DO learn the art of “narrowcasting.” Show your organization’s smarts by strategically targeting those most likely to give instead of setting your sights on quantity over quality.

DO listen to your donors. Take their critiques seriously, acknowledge their wisdom and attention to your cause and demonstrate change based on their recommendations.

DO thank donors, early and often! It is human nature to yearn for appreciation for a job well done. Engender continued participation and warm feelings with simple heartfelt thanks, expressed in a timely manner.

DO give equal time (as hectic schedules permit) to small donors. A big pool of small donors is as invaluable as its opposite! Additionally, by cultivating small donors, you will migrate some into the bigger donor ranks.

DON’T burn out your volunteers. Volunteers keep your non-profit ship afloat and being tasked too often to do the same rote tasks can sour even the most devoted. Listen to them as well and incorporate their suggestions. Keep the tasks rotating so volunteers can experience each aspect of your organization and find something they can truly hang their hat on.

DON’T constantly ask for money. If you try going to the well too often, it will run dry.  Contributors don't want to feel obligated ALL the time to find money.

DON’T make the mistake of not cultivating new donors — let people know your mission and always have an “elevator speech” prepared.
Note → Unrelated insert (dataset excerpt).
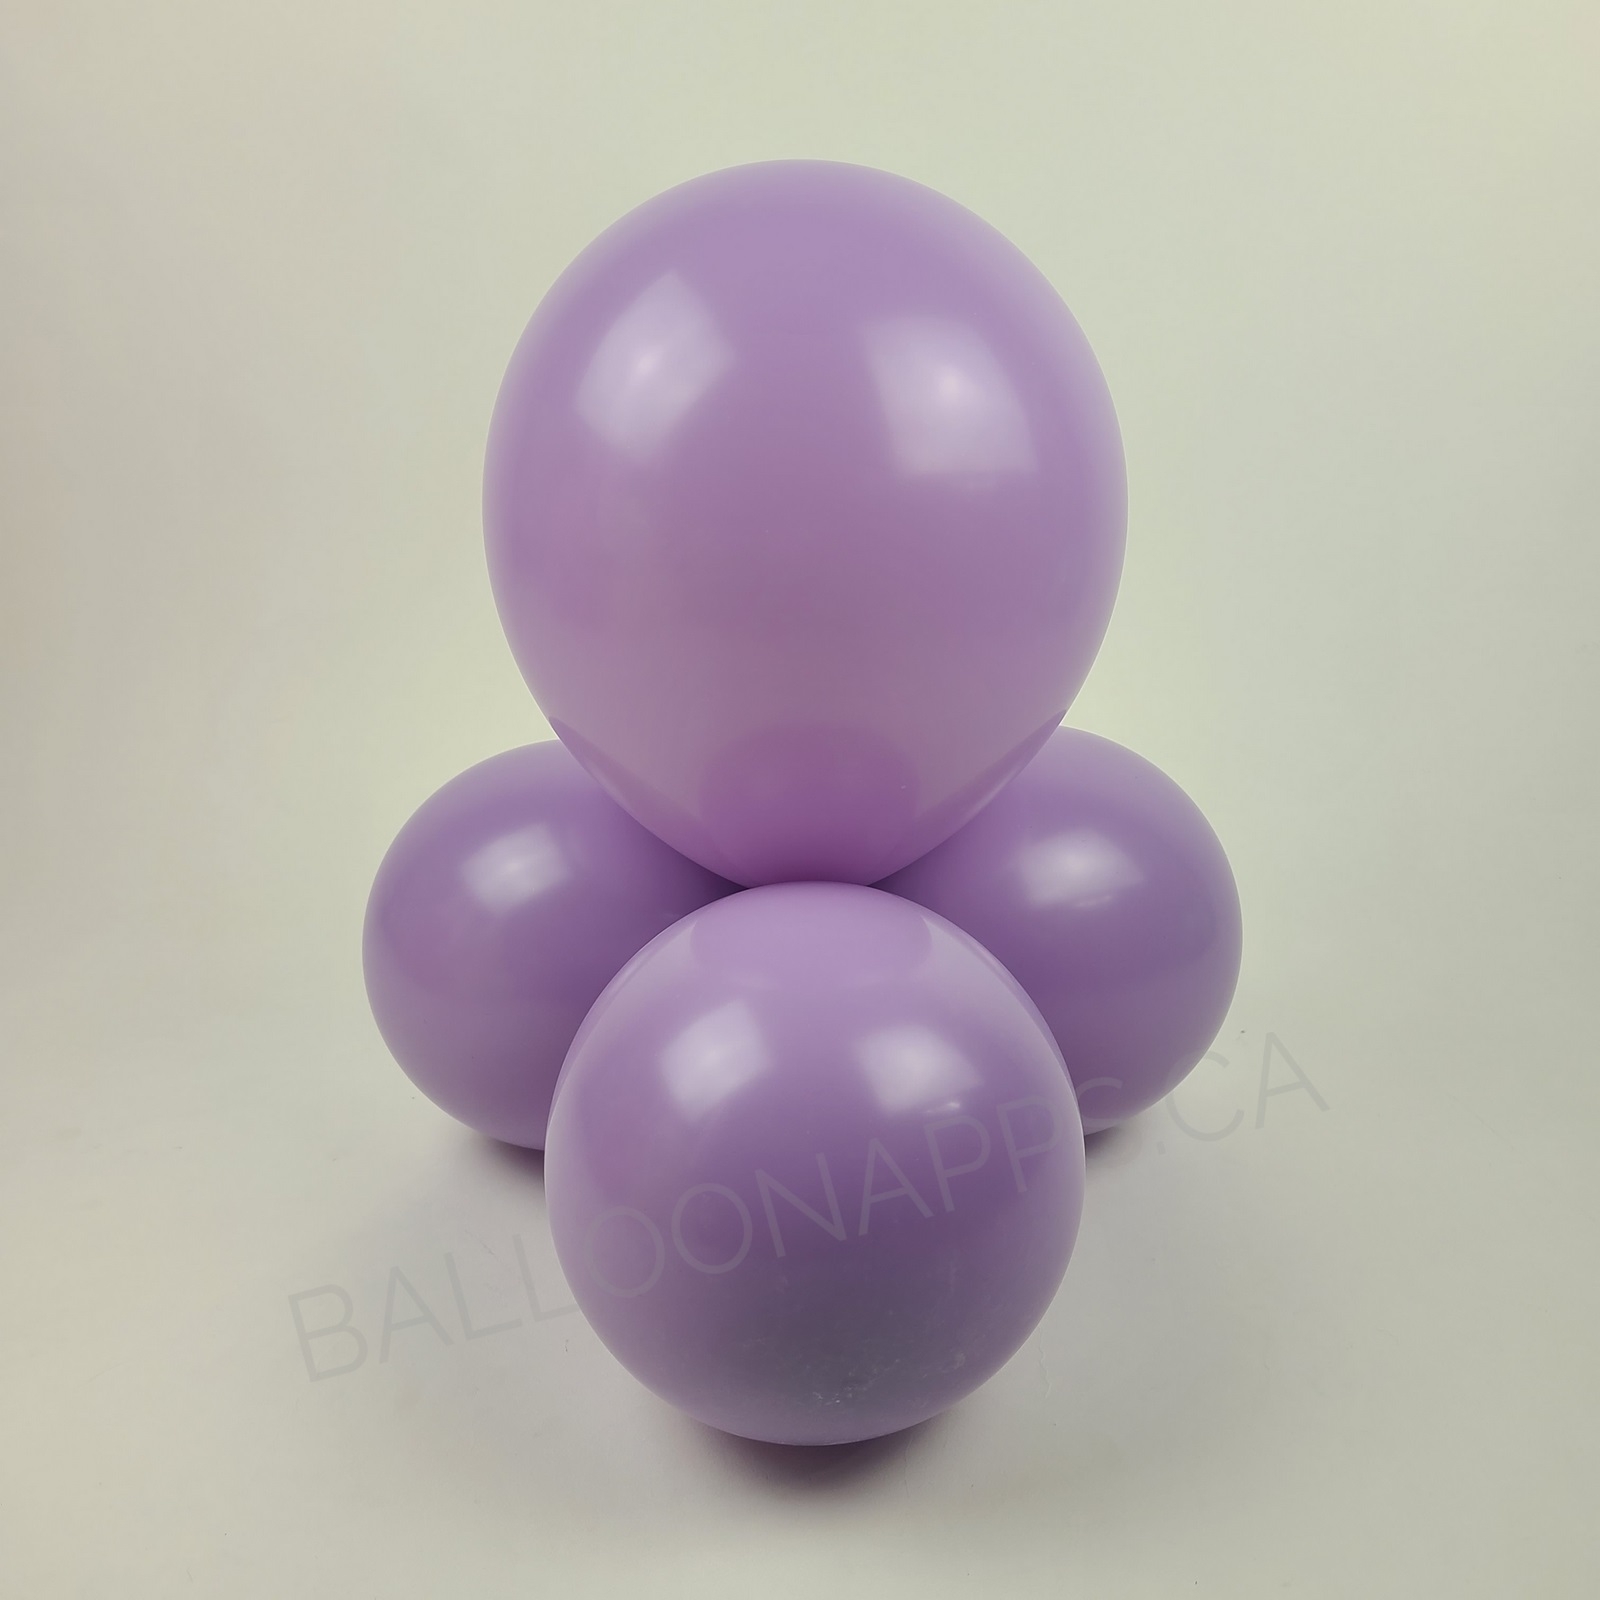 balloon texture TUFTEX (100) 11
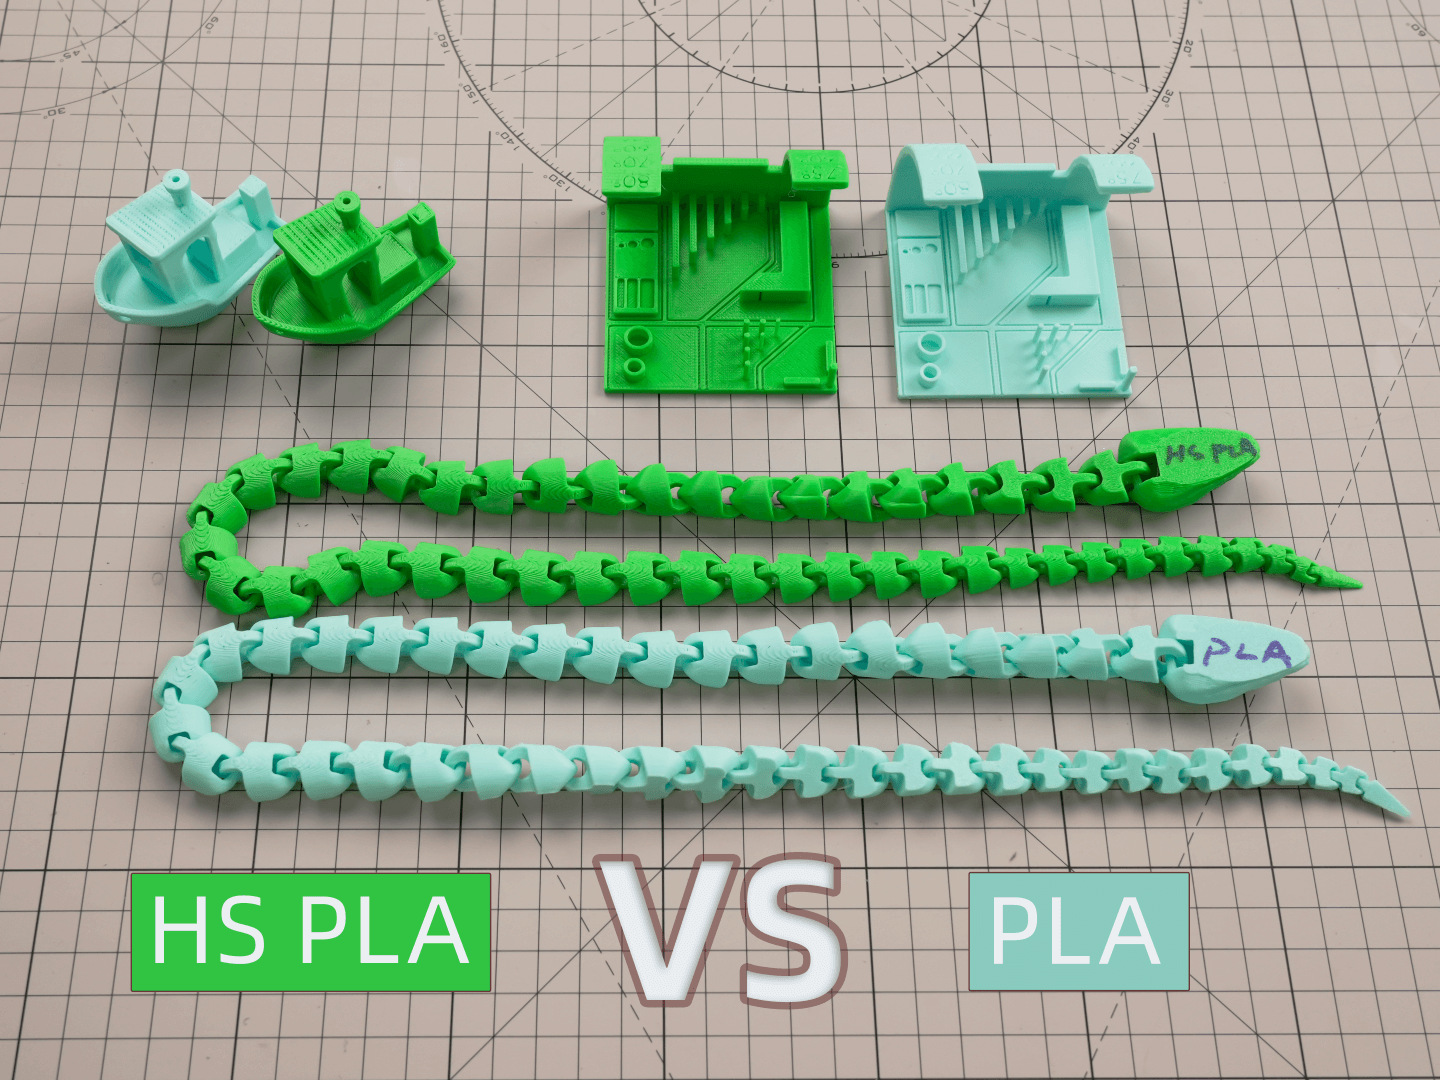 為什麼選擇高速耗材？HS PLA vs PLA

DON’T send form letters to big donors (sometimes with mass mailings a form letter is a must) but to your loyal enthusiasts, the personal touch is demanded!

Most importantly, keep striving for more dialogue with your donors. With the advent of social media, there are many platforms for two-way conversation but that is not carte blanche to forego the occasion for coffee or lunch!

Do you have any do’s and don’ts you’d like to share?